FIG. 1 is a block diagram showing the configuration of a ghost removing device according to an embodiment of the present invention, FIG. 2 is a waveform diagram for explaining the present invention in detail, and FIGS. 3 and 4 are conventional ghost removing devices. FIG. 5 is a waveform diagram for explaining the operating principle of a general ghost removal device. ■...Input terminal, 1...Tap gain control circuit, 2...
...Pseudo-ghost generation circuit, 3...Delay circuit, 4...

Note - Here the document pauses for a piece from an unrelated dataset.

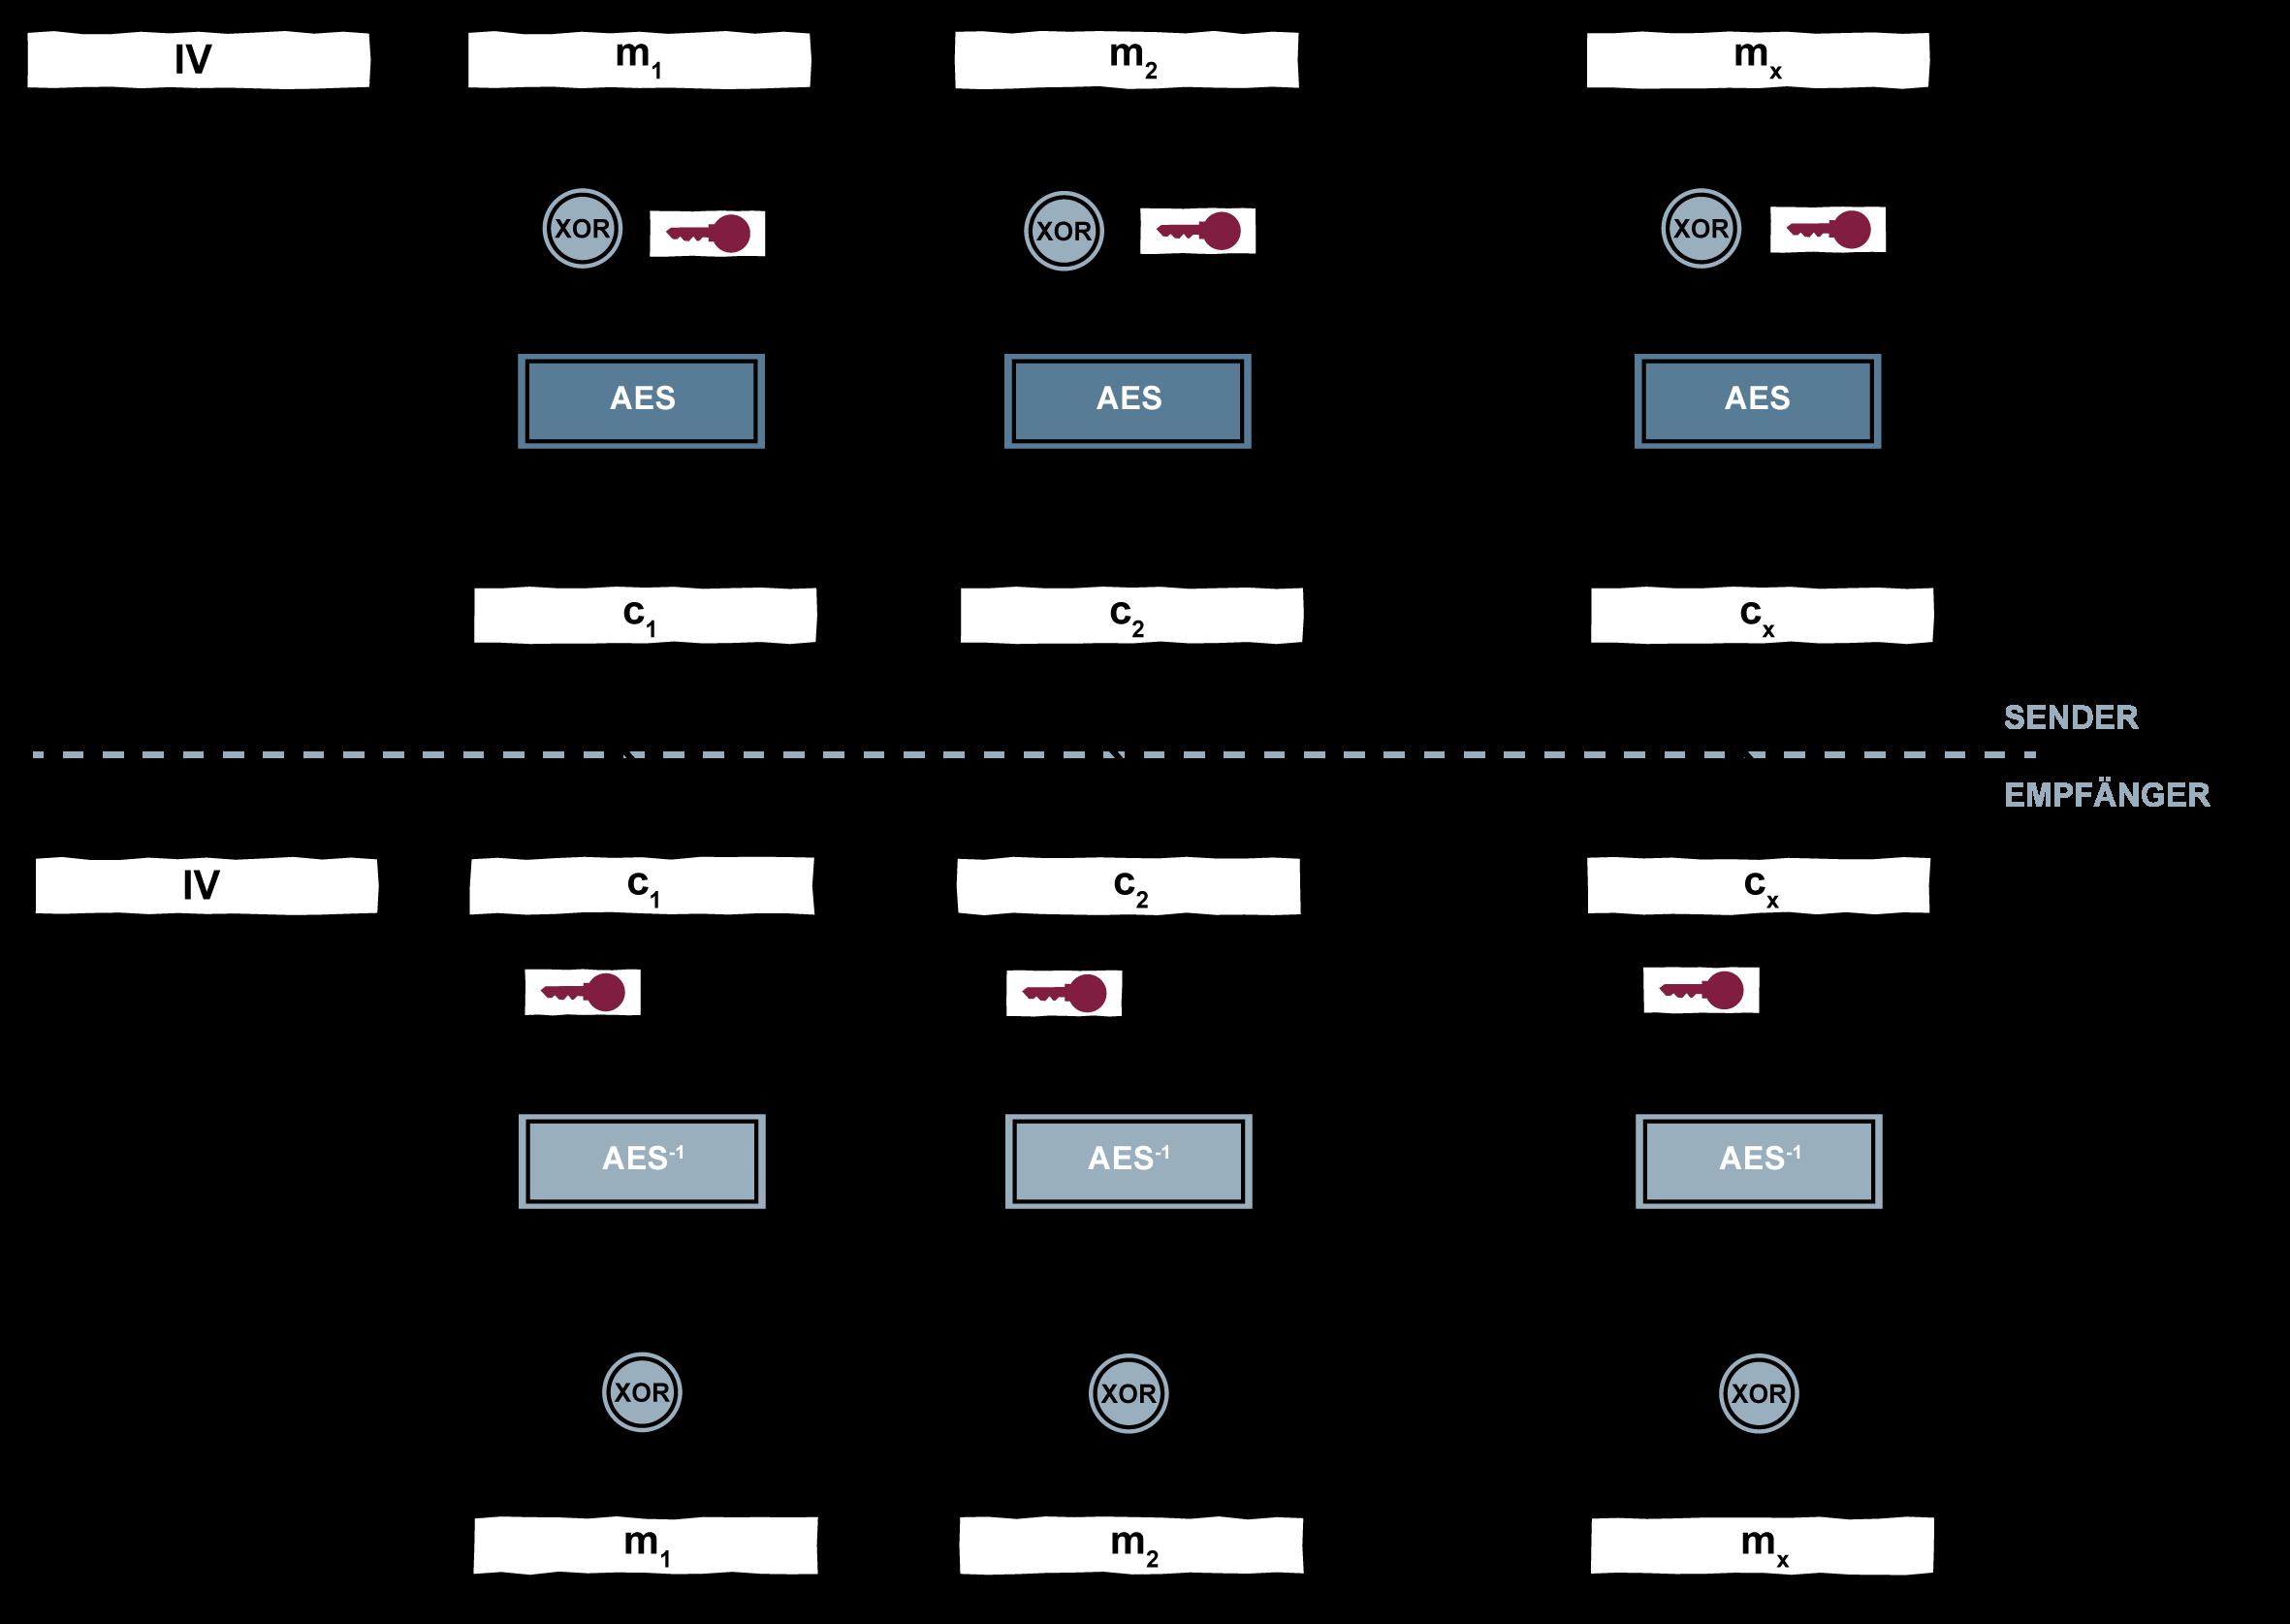 Cipher Block Chaining Mode - Glossar Cyber-Sicherheit - Prof. Norbert Pohlmann

・Adder, 5...Register, 6...Variable delay circuit,
11... A/D converter, 12... Base point determination unit, 13
...Memory, 14...Difference calculating section, O...Output terminal. Patent applicant: NEC Home Electronics Co., Ltd. (1 other person)

Claims (1)

[Scope of Claims] A variable tap gain transversal filter that generates a pseudo-ghost having a discrete delay time that is an integral multiple of a predetermined sampling period to simulate a ghost contained in a television signal; A digital tap gain control section that controls the tap gain set in the variable tap gain transversal filter based on the ghost included in the signal, and a timing difference between the sampling point and the base point in this digital tap gain control section. a variable delay circuit that adds a delay time to the pseudo ghost or television signal.